7.4.2 Reverse Complementarity
At some point you may encounter viruses that use RNA structures to complete their life cycles. Hepatitis delta virus, the causative agent of Hepatitis D, is a satellite virus that can accompany hepatitis B virus infection. Hepatitis delta virus has a circular single-stranded RNA genome which is highly self-complementary and so adopts a partially double-stranded RNA structure. Another example of reverse-complementarity in RNA viruses includes segment ends that are used for genome packaging.
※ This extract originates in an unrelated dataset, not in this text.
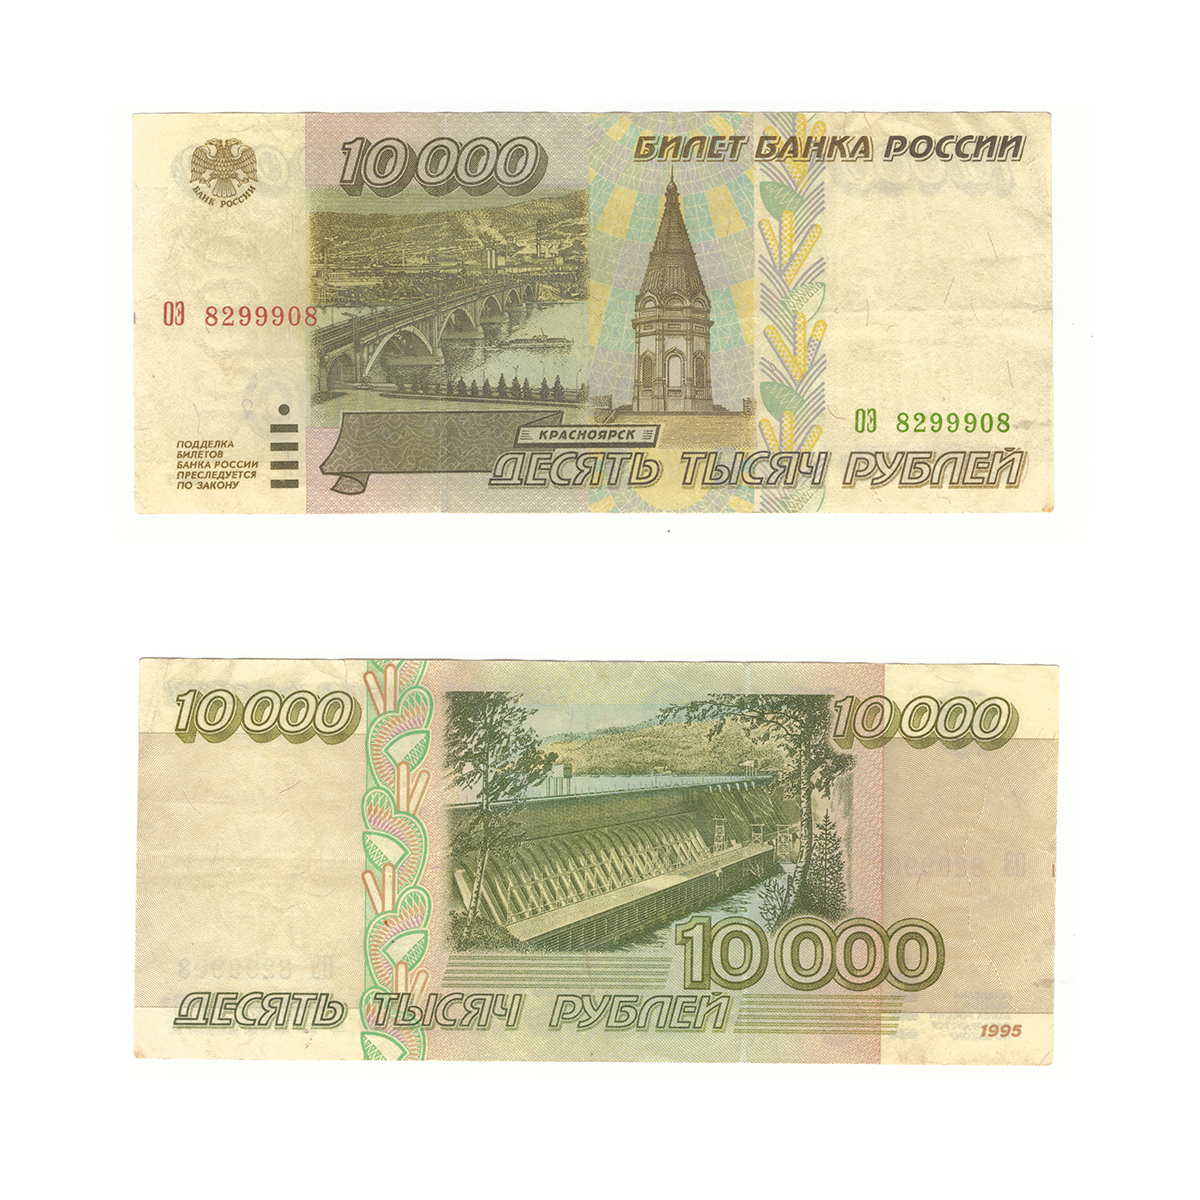 10000 рублей россии. Купюра 10000 рублей 1995 года. Банкнота 10000 рублей 1995. 10000 Рублей бумажные. Десять тысяч рублей 1995 года.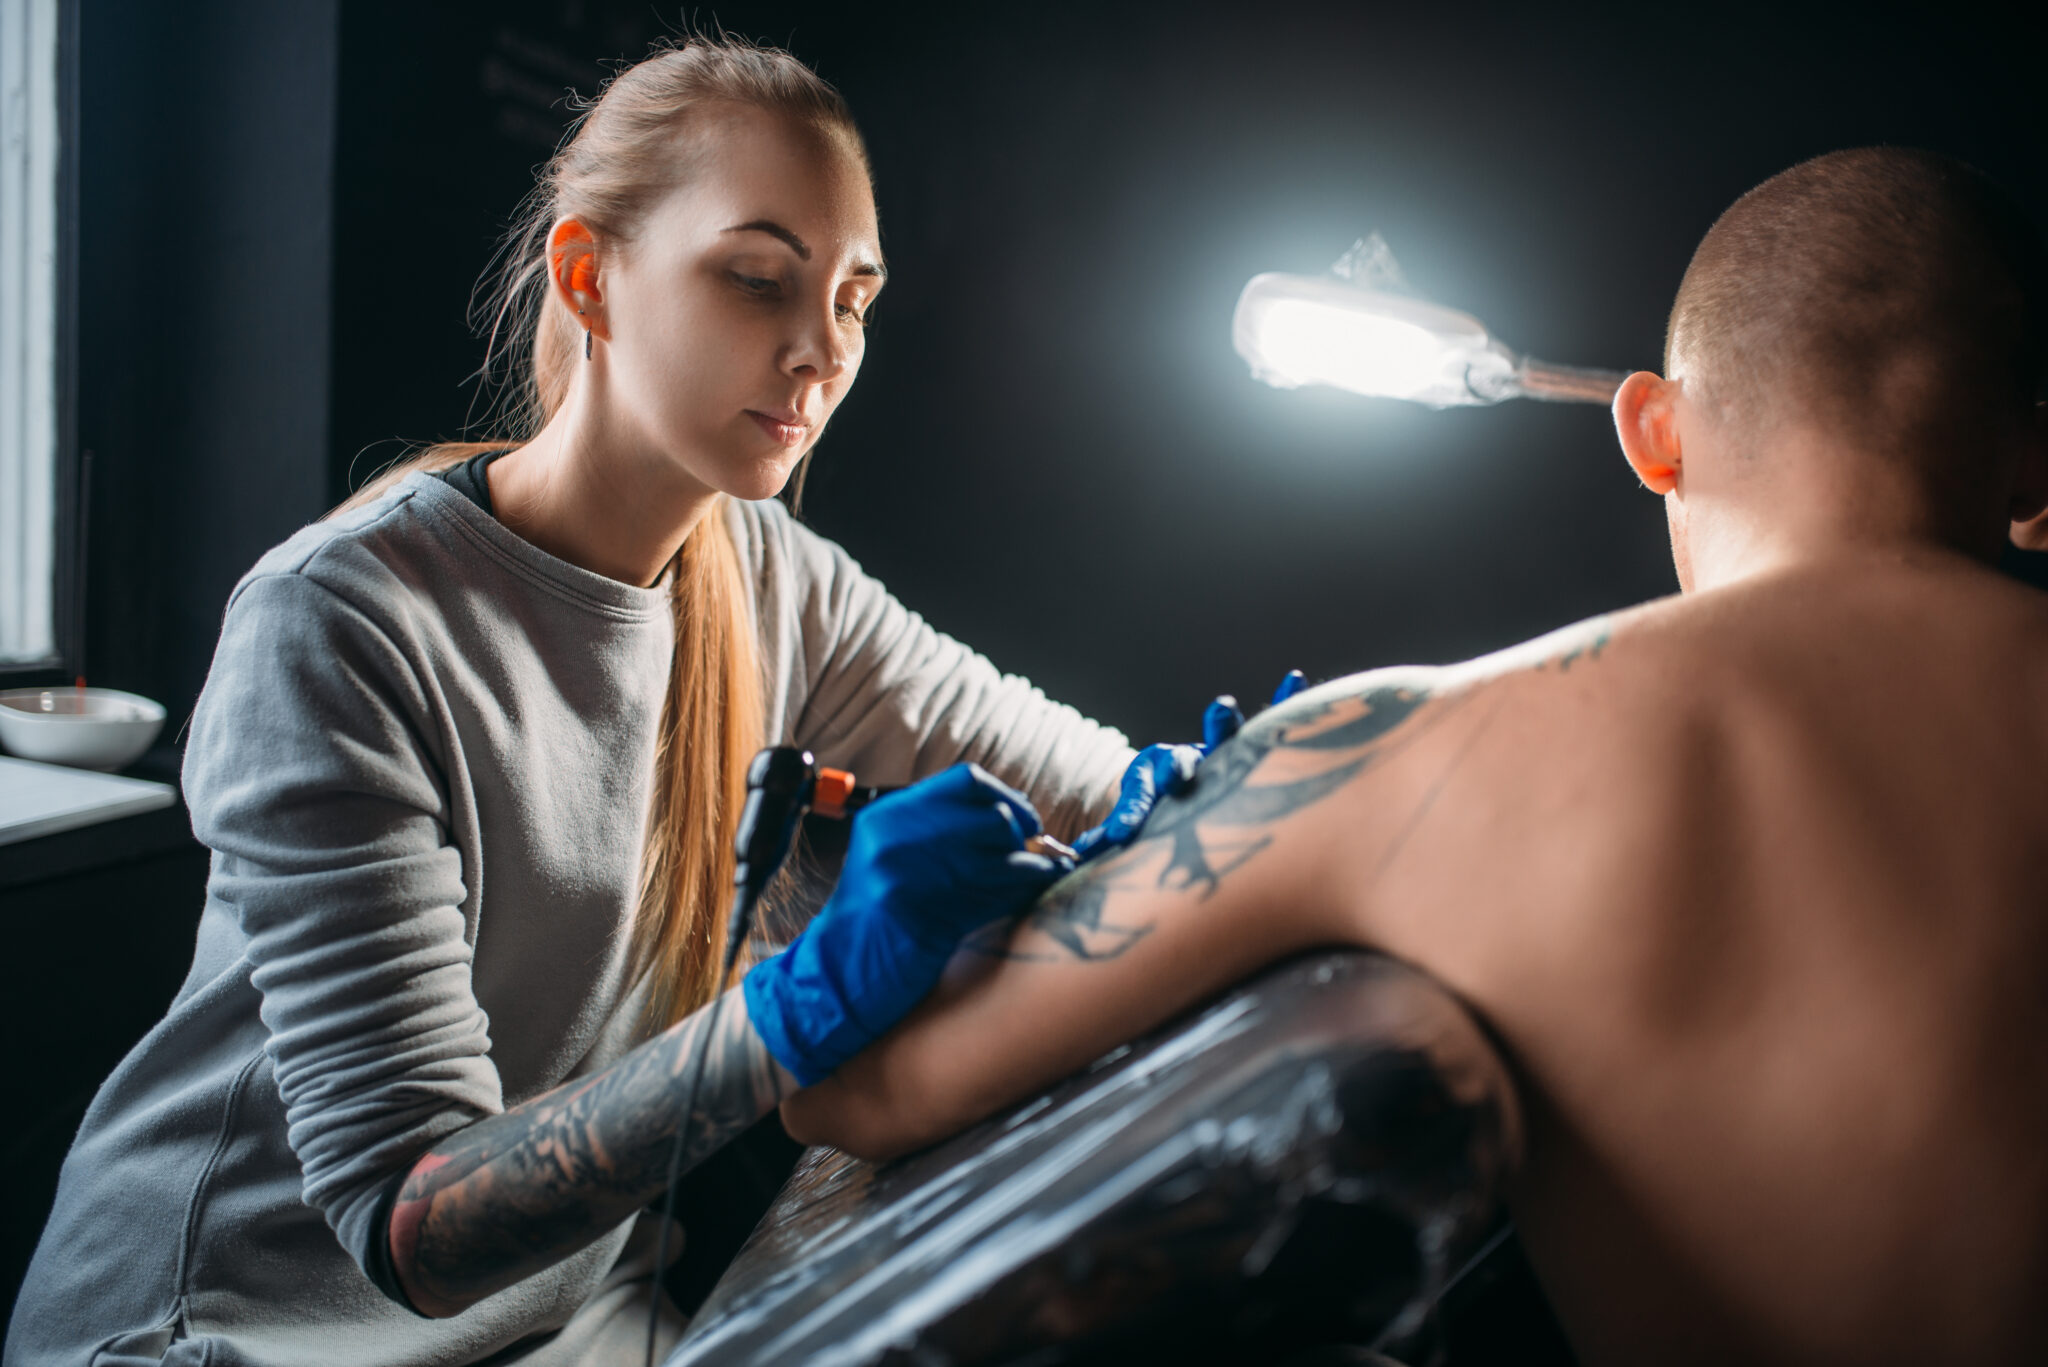 Tattoo Safety and Bloodborne Pathogen Training

The easiest way to check whether such sub-sequences exist in a given genome/segment is to run self-similarity dot plots. There are a number of software packages that can do that for you (e.g., dotmatcher). They will plot a pair of sequences (can be same or different), one along the x-axis and one along the y-axis, and put a dot for every nucleotide that matches. If plotting a sequence against itself, you should see a diagonal, one-to-one, line running through the plot (since the sequence is identical to itself at each position). Any off-diagonal elements indicate repeats, and if the method allows for complementarity, any offset diagonal lines oriented the opposite to the diagonal one-to-one line will indicate a region that is reverse complementary to another region.
7.4.3 Splicing
Sometimes viruses may process their mRNAs via splicing, which can present a challenge for interpreting sequencing data and/or evolutionary analyses. Influenza A viruses are famous examples of this where transcripts of at least two segments (matrix and non-structural) are spliced before being translated into at least four proteins with distinct functions. Splicing may be suspected in RNA virus genomes if there appear to be regions with excess non-coding space. For many RNA viruses, such genomic space is a premium resource and so must be explained. You can strengthen your suspicions by looking at whether long open reading frames offset from the “main gene” exist nearby, and get evidence of splicing by sequencing infections to a great depth since occasionally you will be able to catch both the genomic unspliced and spliced transcript RNAs. Note that splicing happens in the eukaryotic nucleus and thus might not apply to the virus you’re working with.